DESCRIPTION OF THE TASK: Below is a listing to copy exactly; no image goes into the copy.

DATASET EXCERPT:
>>>>

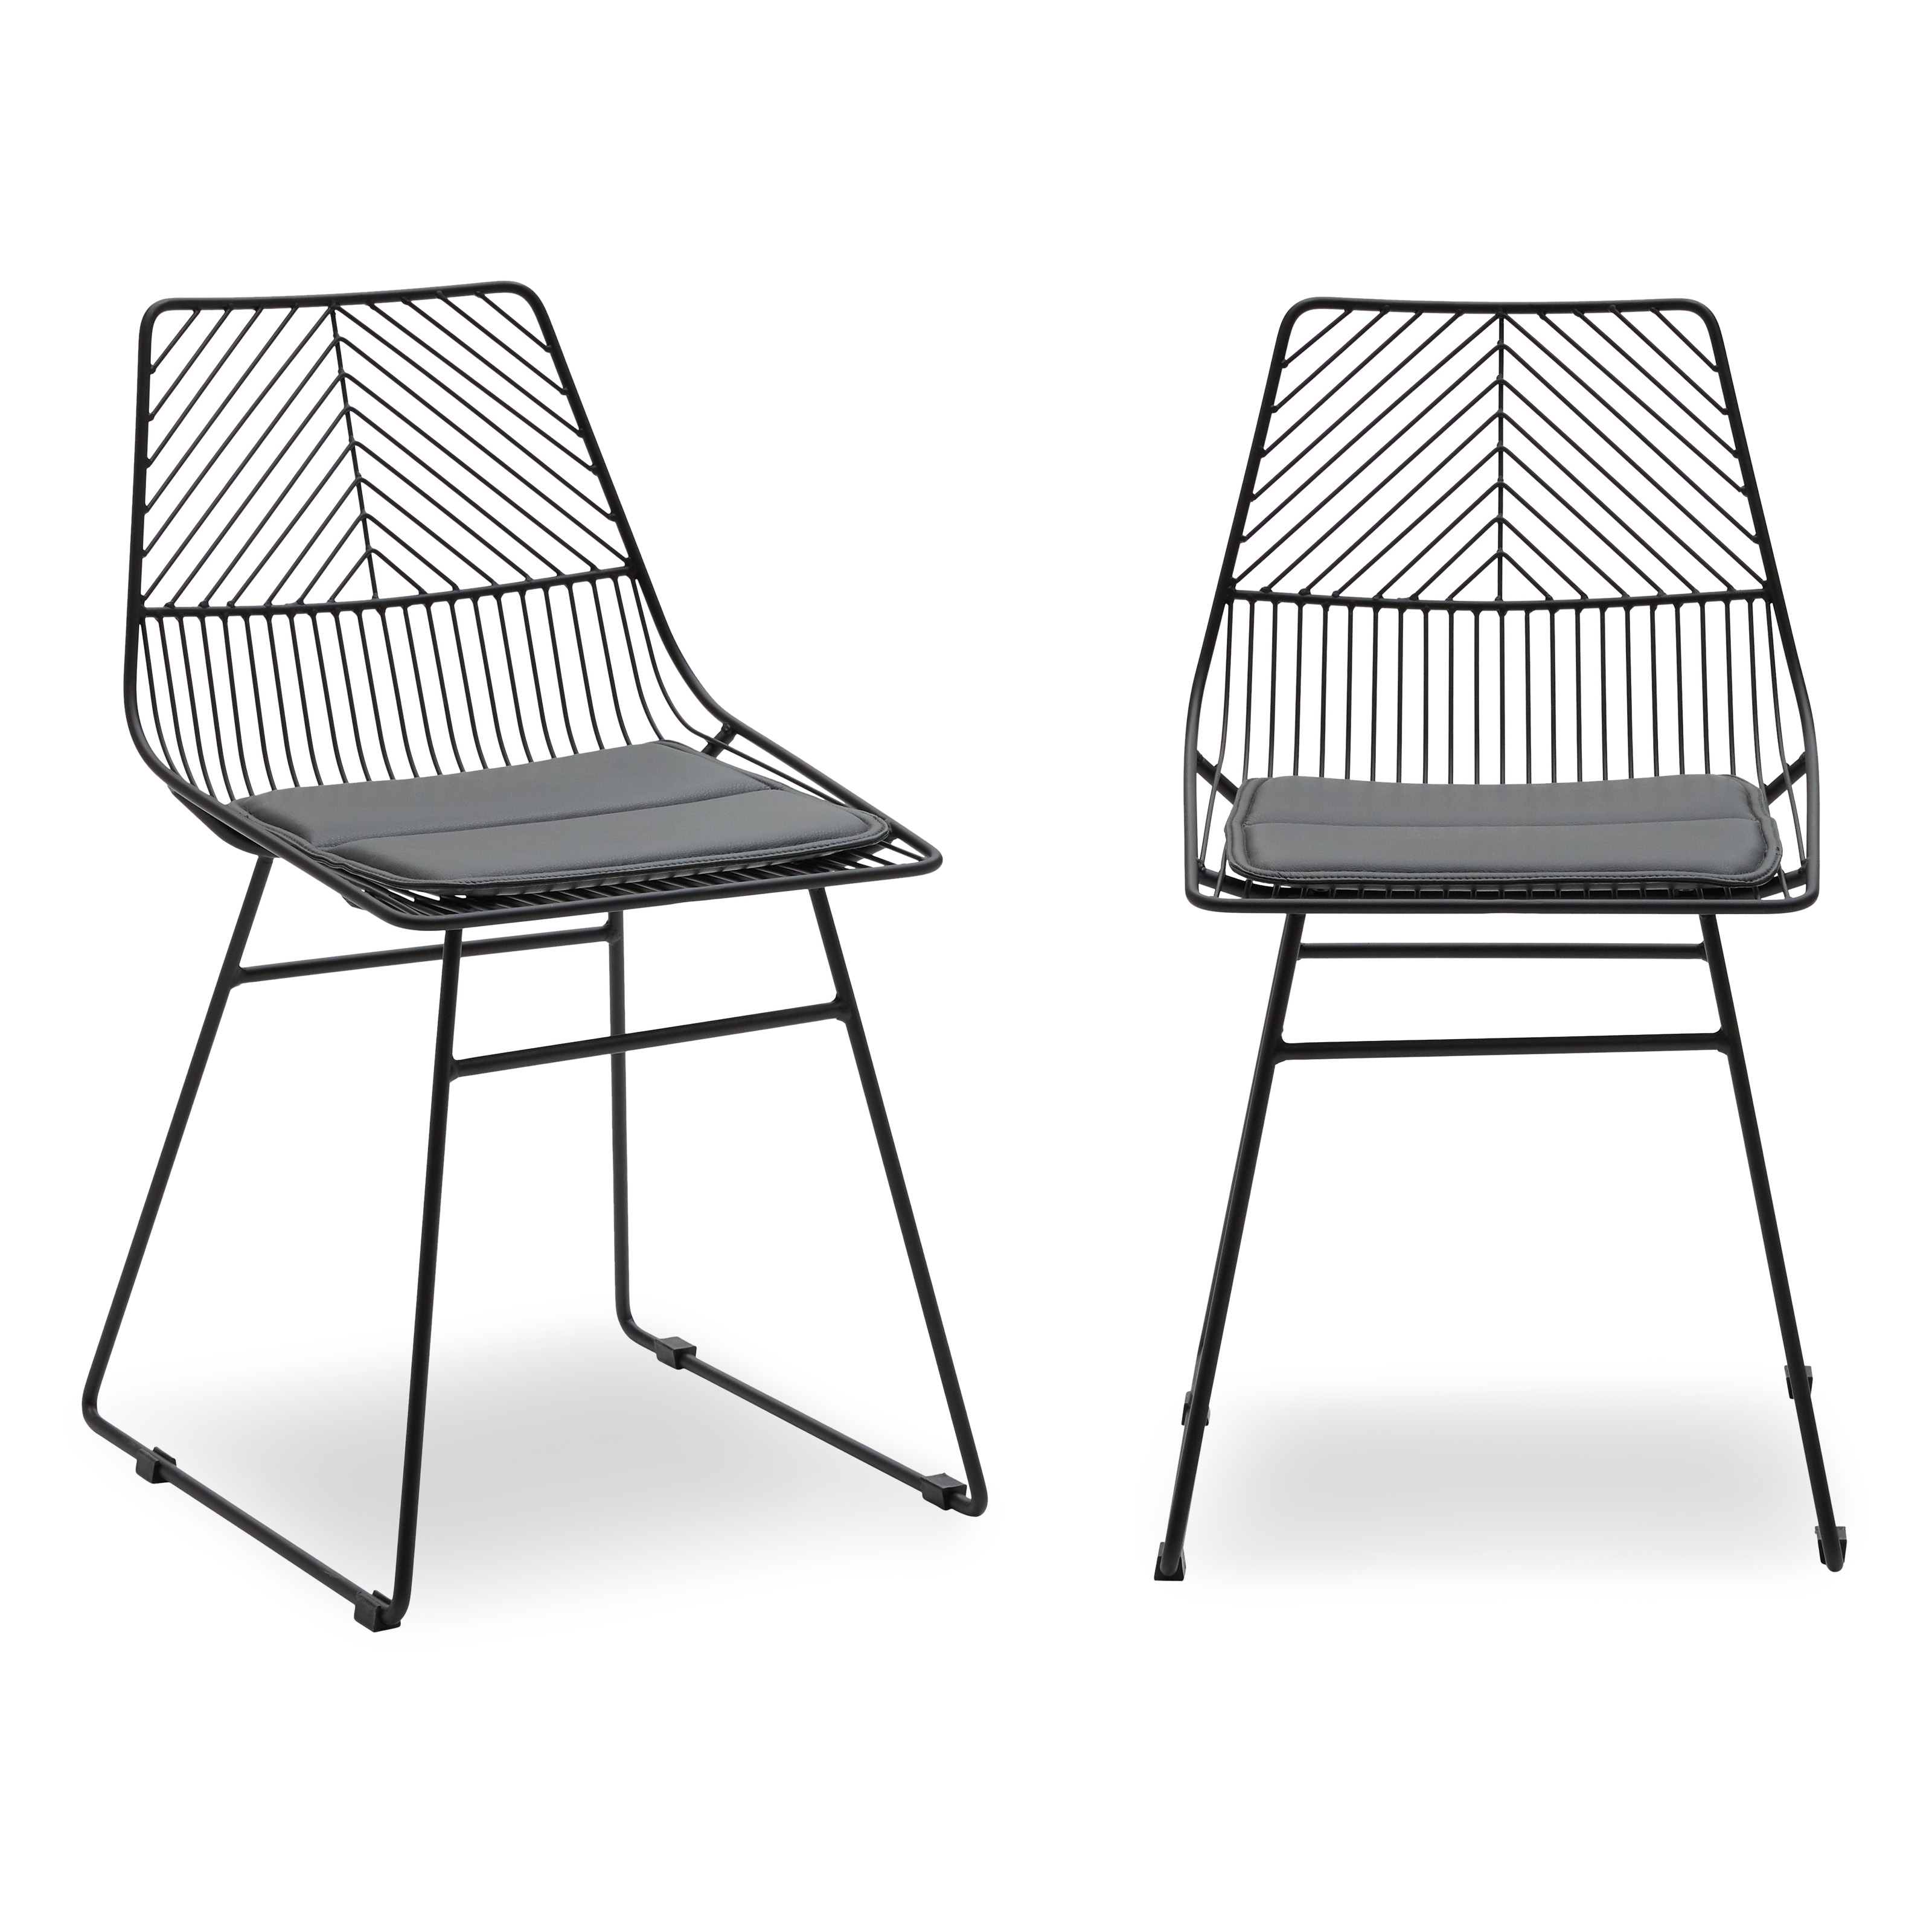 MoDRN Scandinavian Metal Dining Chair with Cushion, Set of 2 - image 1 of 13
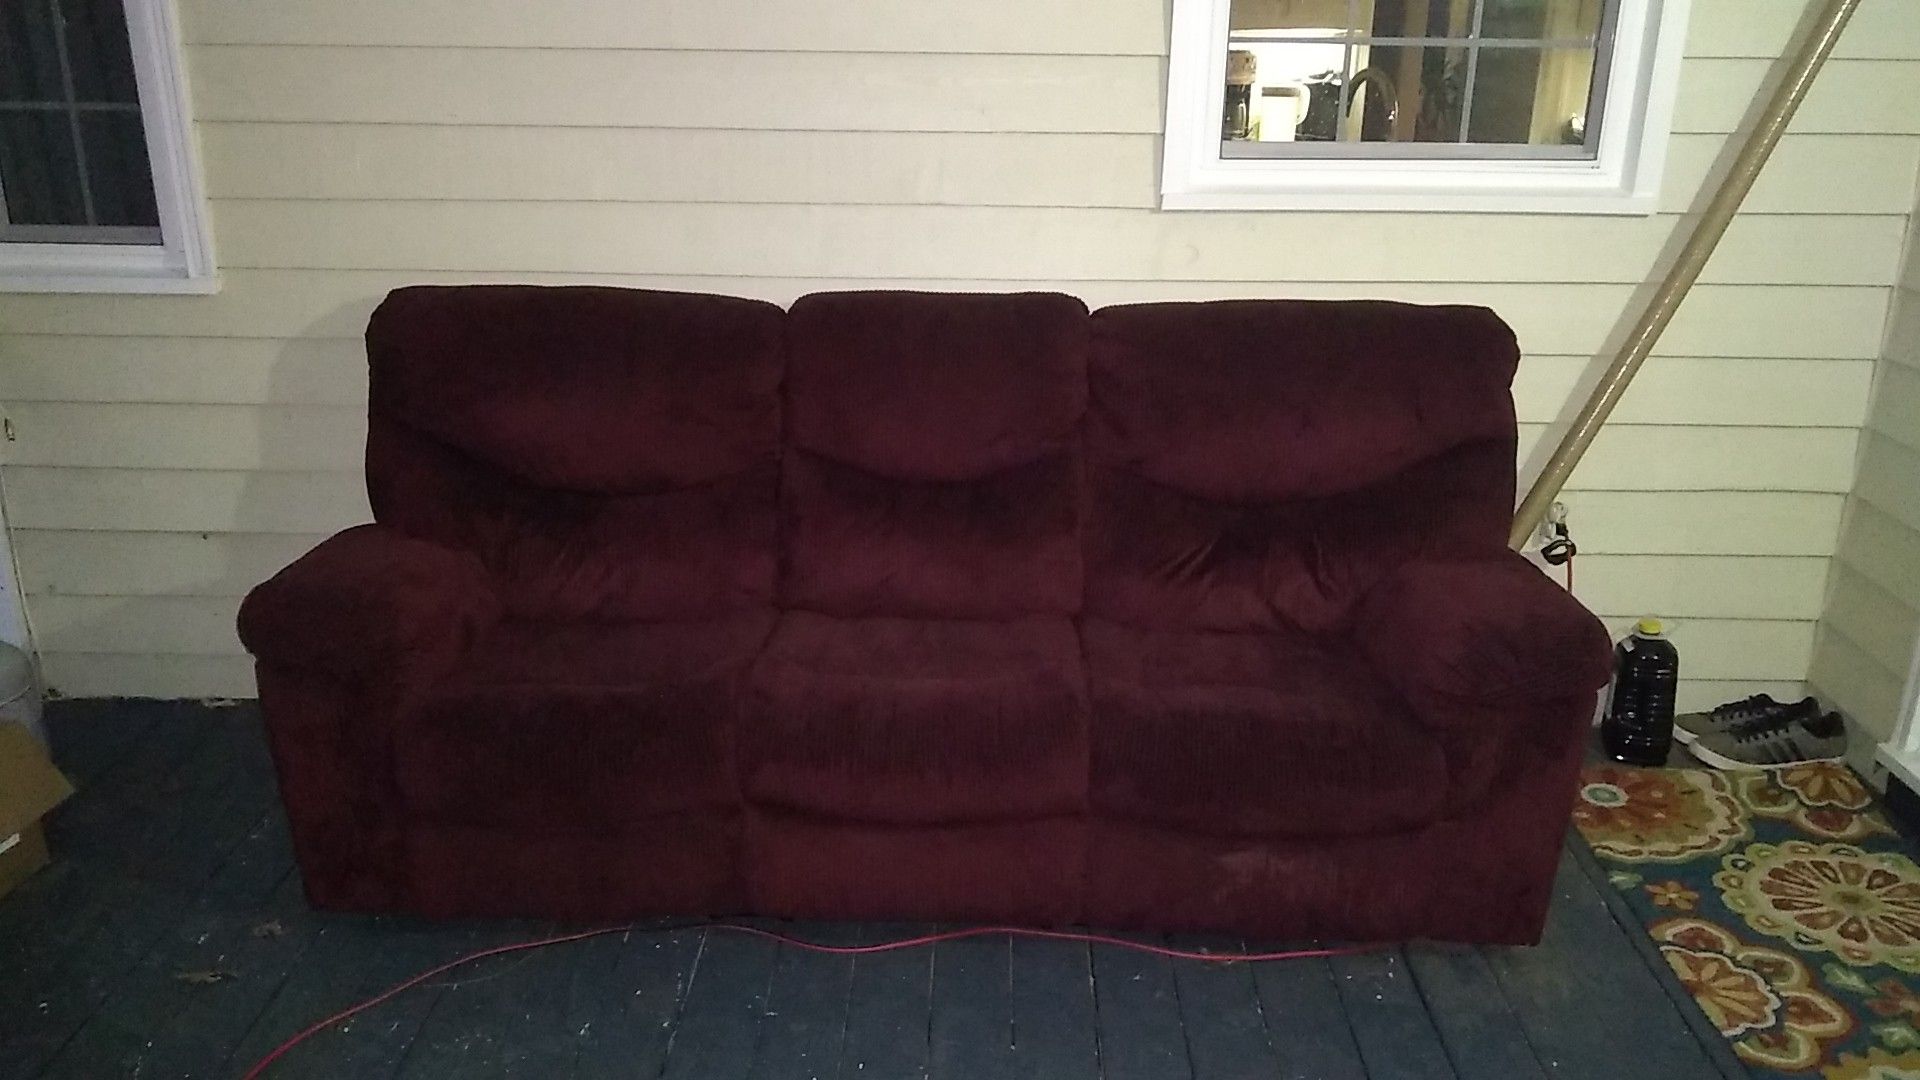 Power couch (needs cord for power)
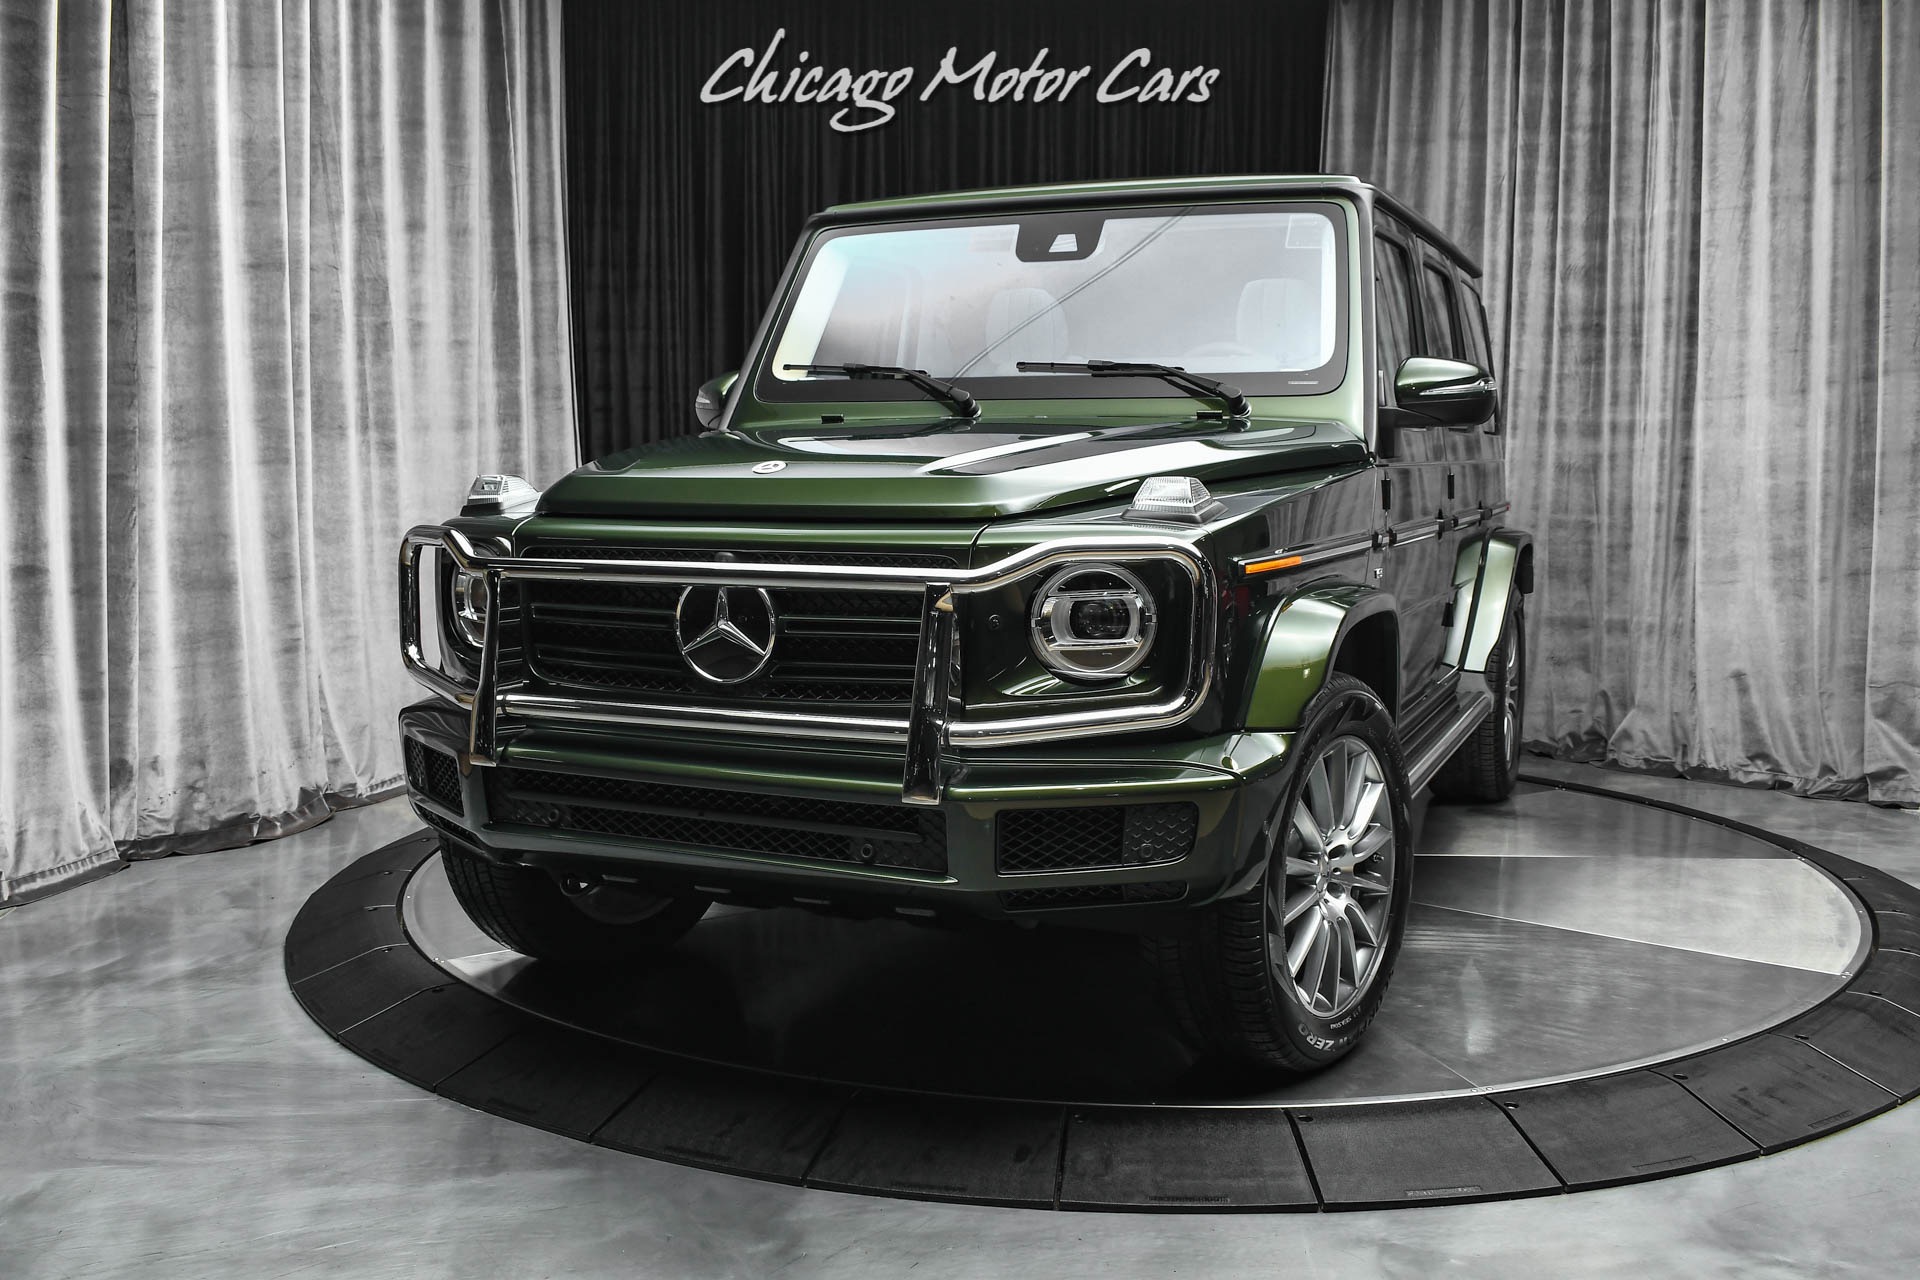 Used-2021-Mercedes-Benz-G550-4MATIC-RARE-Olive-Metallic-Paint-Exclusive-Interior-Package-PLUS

<<<<

TASK OUTPUT:
 MoDRN Scandinavian Metal Dining Chair with Cushion, Set of 2 - image 1 of 13
 Power couch (needs cord for power)
 Used-2021-Mercedes-Benz-G550-4MATIC-RARE-Olive-Metallic-Paint-Exclusive-Interior-Package-PLUS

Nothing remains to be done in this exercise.